The Blood Book: Tales, Confessions and Rumors of the Worlds
- First edition
- Author: Ted Dekker Kevin Kaiser Josh Olds
- Language: English
- Series: The Books of History Chronicles
- Genre: Christian, Fantasy
- Publisher: Creative Trust
- Publication date: 2011
- Publication place: United States
- Media type: Print (Paperback)
- Pages: 248

= The Blood Book =

2011 novel by Ted Dekker

The Blood Book: Tales, Confessions and Rumors of the Worlds is a novel by New York Times bestselling author Ted Dekker, along with Kevin Kaiser and Josh Olds, with additional assistance from Gregg Hart. It is a part of Dekker's mega-series, The Books of History Chronicles. The book is compiled in-universe by High Priest Ba'al, and takes place in the far future in a world known as "Other Earth".

==Plot summary==
Ba'al commissions General Mustul and alchemist Grushon to study and document a variety of mythical creatures from their world, including the fearsome Shataiki bats and their interesting counterparts, the Roush. Ba'al compiles their accounts into his journal, known as a blood book. He also includes stolen journal entries from his enemy Thomas Hunter and his master, the Shataiki queen Marsuuv. It contains sketches of various creatures and locations featured in Other Earth.

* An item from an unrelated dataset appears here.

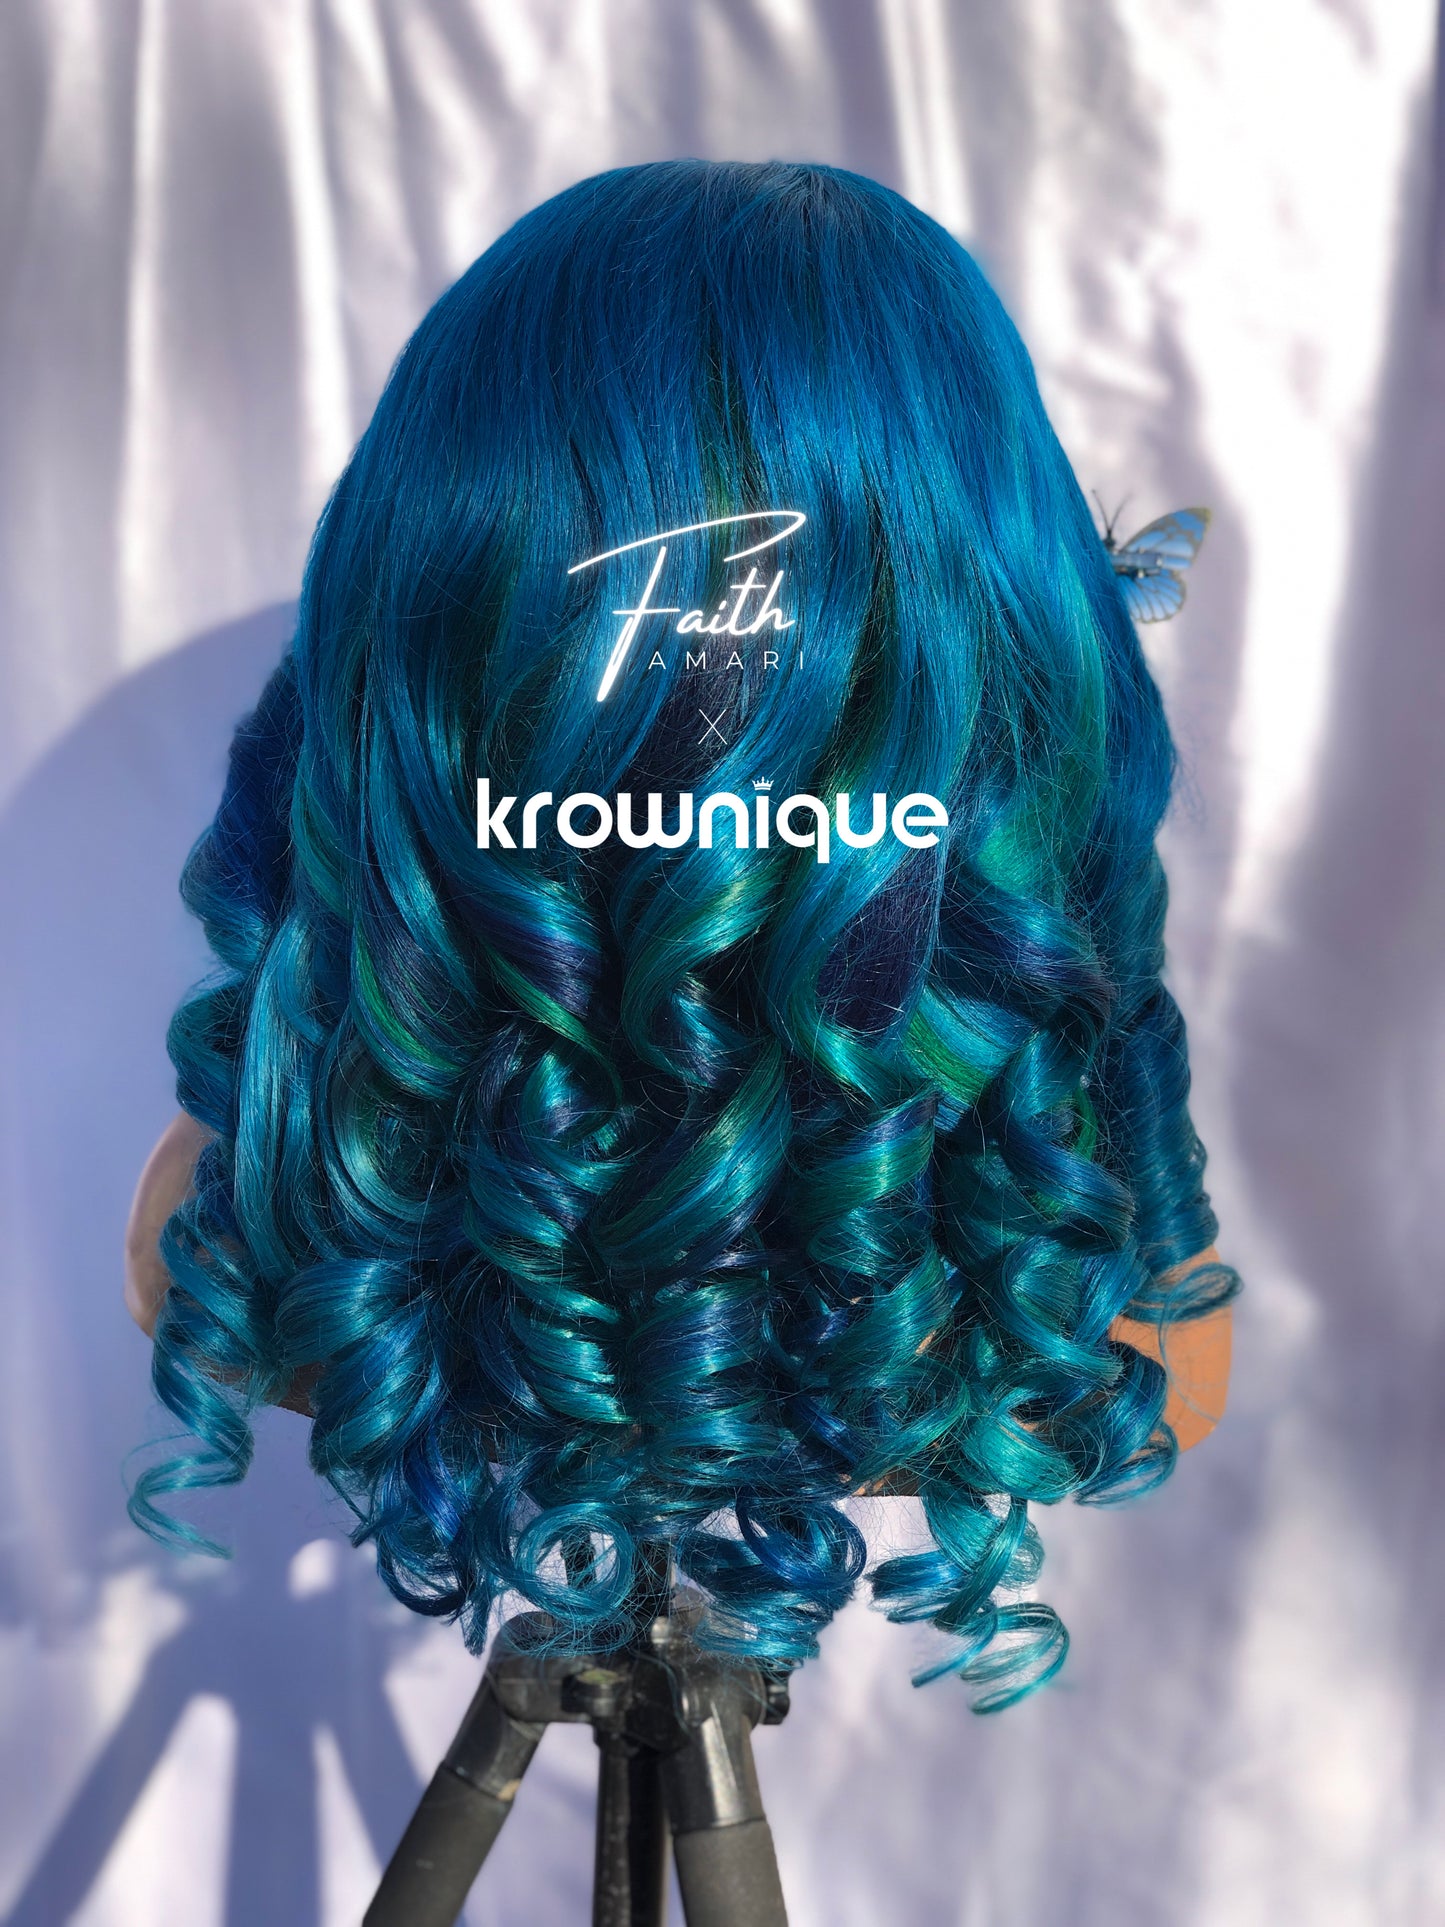 Complex Butterfly Wig | Limited Edition with Signed CD | Krownique LLC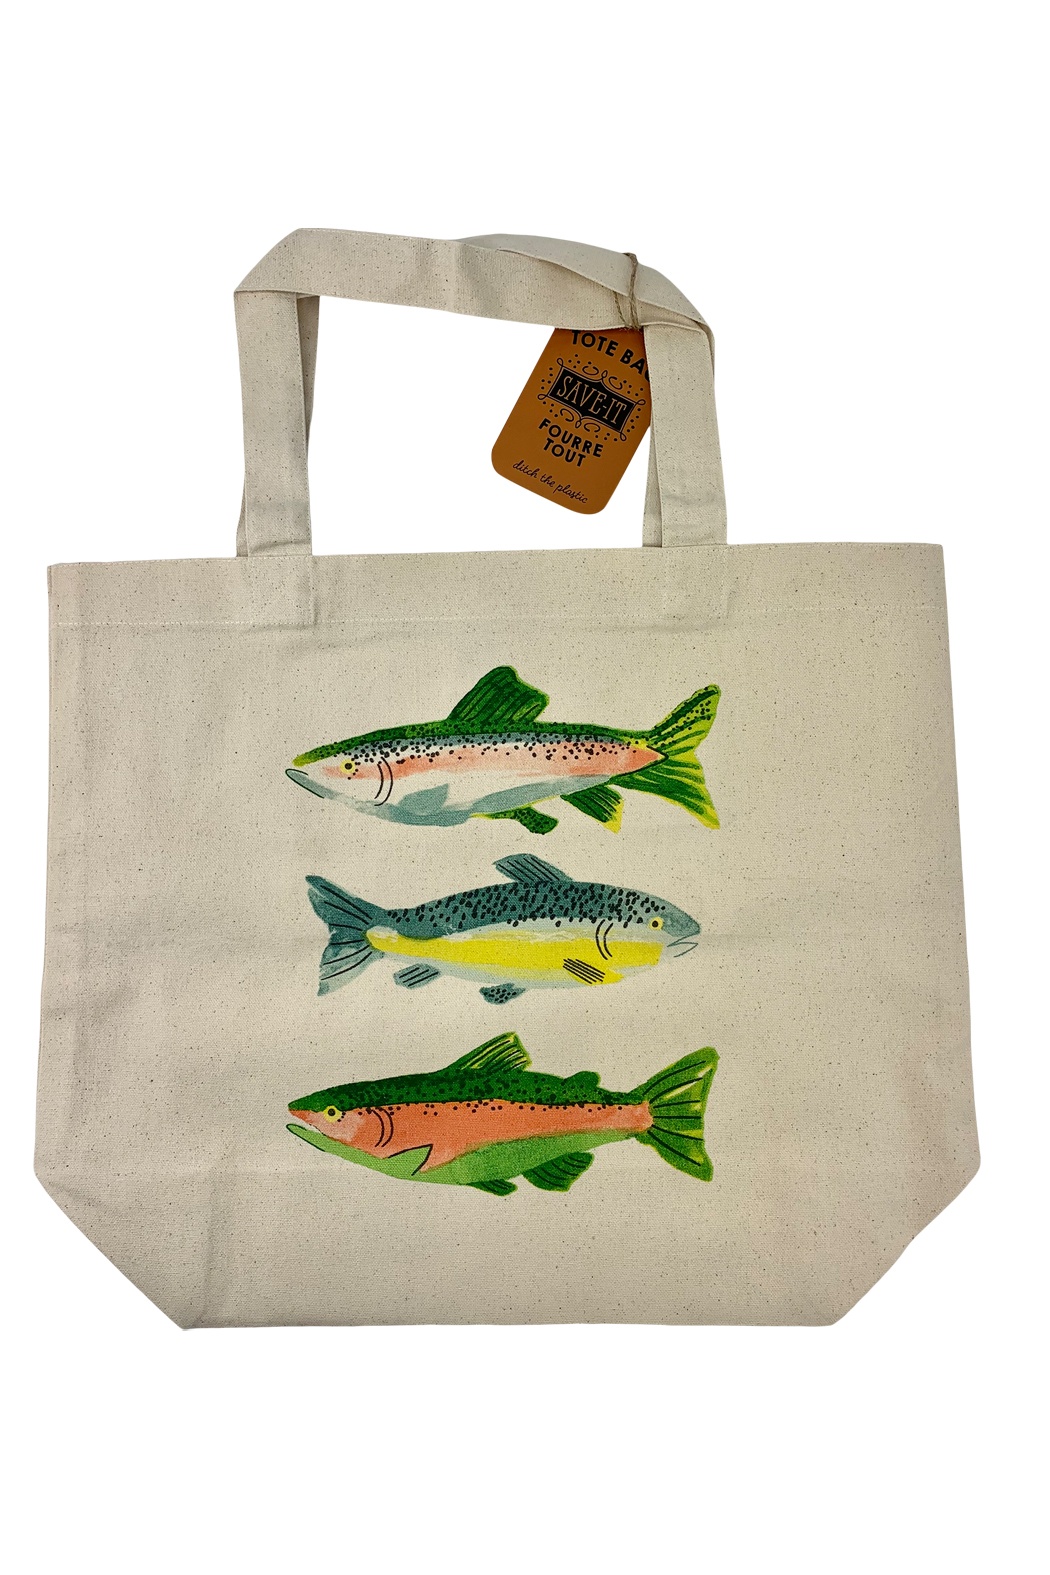 https://www.noyougohome.com/wp-content/uploads/2021/08/GH687.-Fish-Tote-1.jpg

A certain Blood Book, though not Ba'al's, as there were more than one, also plays a significant role in the plot of Immanuel's Veins, as the main character Toma Nicolescu uses the information contained within to defeat the villainous Vlad van Valerick. It appears that the concept of Ba'al's Blood Book was adapted after the release of Immanuel's Veins, as it contains both new and different content than what was mentioned in Immanuel's Veins, and is missing certain other details. A man whom Toma called Saint Thomas the Beast Hunter is implied to be the one who penned Toma's Blood Book.

Ba'al's Blood Book was also mentioned briefly in Dekker's novel Green, as it was compiled only about a year before Green took place.

==Release==
The Blood Book was first rumored by Dekker on his old forums sometime in 2008, before the release of Green. There he spoke of a pair of journals, known as the "Blood Books," which would give insight into the minds of two characters from his Circle Series, presumably Thomas Hunter and an enemy. As time went on, the two books merged into a single book. In 2009, Ted released Immanuel's Veins, in which a Blood Book plays a significant role.

On his Facebook page, Ted Dekker posted suggesting that he would not publish The Blood Book, but after much protest from his fans, he consented. In 2011, in an effort to promote his newest thriller novel, The Priest's Graveyard, Ted began a campaign entitled "Share the Love". Participants had to pre-order at least three copies of The Priest's Graveyard and email the receipts to Ted's brand manager Kevin Kaiser in order to receive a prize. The extra copies could then be used as gifts to promote Ted's novels beyond his established clientele.

The first prize bundle, for three novels, included Genesis (a very old, rough draft of Black) and a digital download of The Blood Book. This bundle was limited to the first 250 participants.

The second prize bundle, for four novels, included Genesis, The Blood Book download, and a print copy of The Blood Book. The print copy has slight improvements over the digital copy including better editing and a different font for the entries of Thomas Hunter. This bundle was limited to the first 500 participants.

The third prize bundle, for eight novels, included Genesis, The Blood Book download, The Blood Book print copy, a signed ARC of Dekker's upcoming novel, Forbidden (co-authored by Tosca Lee); and a ticket to one of Ted's annual Gatherings. This bundle was limited to the first 250 participants.

The final prize bundle, for forty novels, included all of the above as well as a ticket to The Ragged Edge, a two-day symposium for aspiring authors to learn more about the process of writing and publishing a novel. This bundle was limited to the first 50 participants.

At this point, Ted has no plans of mass-producing The Blood Book for retail, but has left the possibility open for consideration in the future.